They may be a lot hairier, but in a lot of ways, dogs are like us. They function best on nutritious and varied foods, feel great after exercise, and have an added spring in their step when they look particularly well groomed.
Achieving that gorgeous, just-groomed look is a key part of being a responsible dog parent – but there are plenty of ways to get their coat looking and feeling as glorious as a Crufts contestant without a weekly visit to the doggy beauty parlour.
Read on for our easy, expert advice on improving your dog’s coat condition and skin, for flouncy fur that begs for admiration.
What does a dog’s coat condition mean?
You may think your dog’s hairdo is intended purely for warmth and a side of cuteness, but it’s actually a big indicator of physical health. Just like humans, dogs have different hair types – from curly, fluffy or coarse to long-haired and short-haired – and therefore, variable signs of whether their coat is in a good or iffy condition. Be sure to read up on how your dog’s coat should look and feel based on their breed, and do everything possible to ensure they feel light, comfortable and relaxed in their own skin.
What does it mean if my dog’s coat is shiny?
A shiny coat on your dog is ideal – especially if strangers slow down and swoon in the street – but at the very least, a healthy dog’s coat should be as soft as possible and free of dandruff and greasiness.
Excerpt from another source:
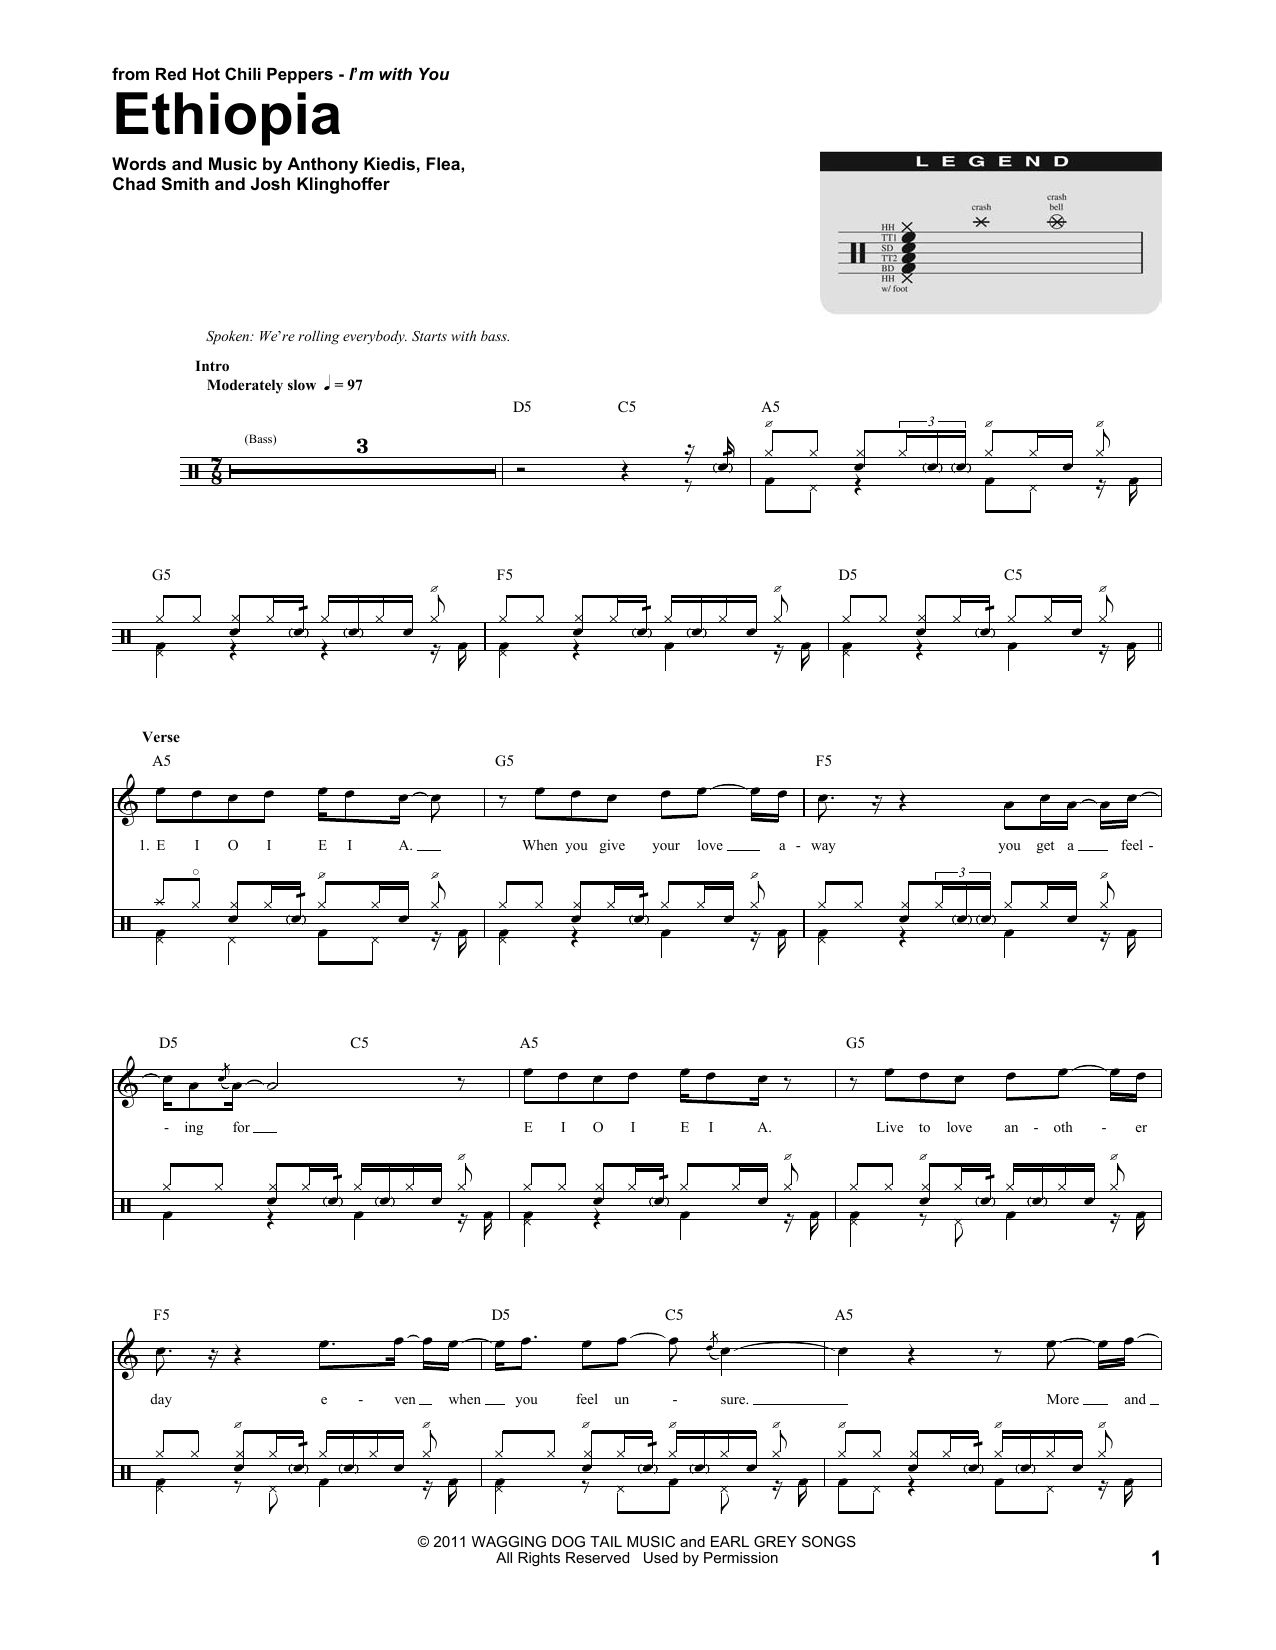 Download Red Hot Chili Peppers Ethiopia Sheet Music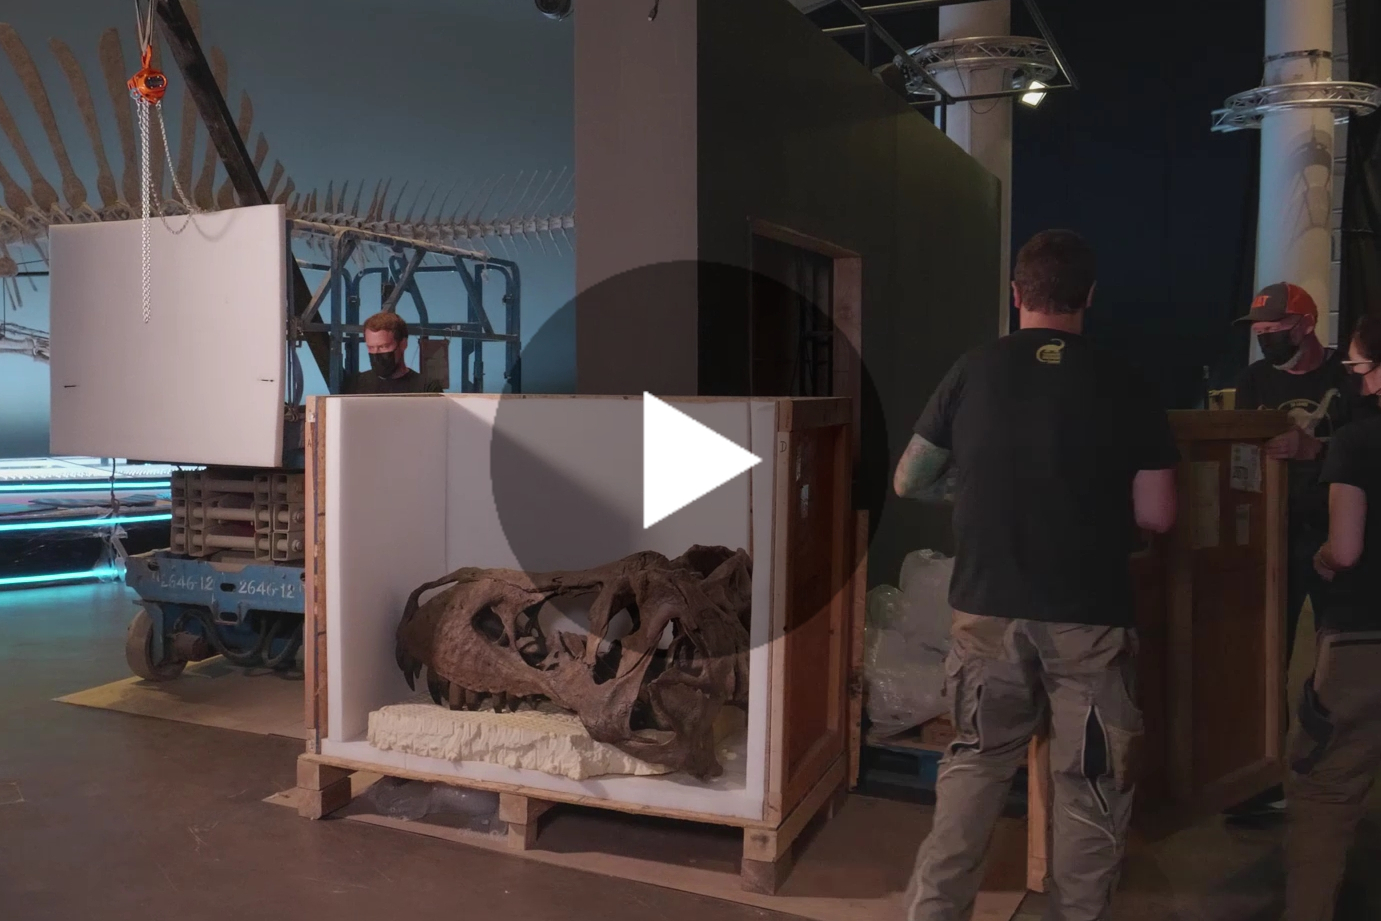 Curation behind the Dinosaurs

This happens when your dog’s coat and skin is producing just the right amount of natural oils, and is generally in good health.
Don’t worry if your dog’s fur is more matte than glossy, though, as there are plenty of good reasons why their coat might not shine. White fur doesn’t reflect light like darker coloured fur, for example, and it’s tough to achieve a shine on dogs with a short and wiry coat. Other dogs simply love to roll about in the dust and dirt, so if you get any amount of shine on their fur, it may only last a few minutes – but this doesn’t necessarily mean that their coat isn’t healthy.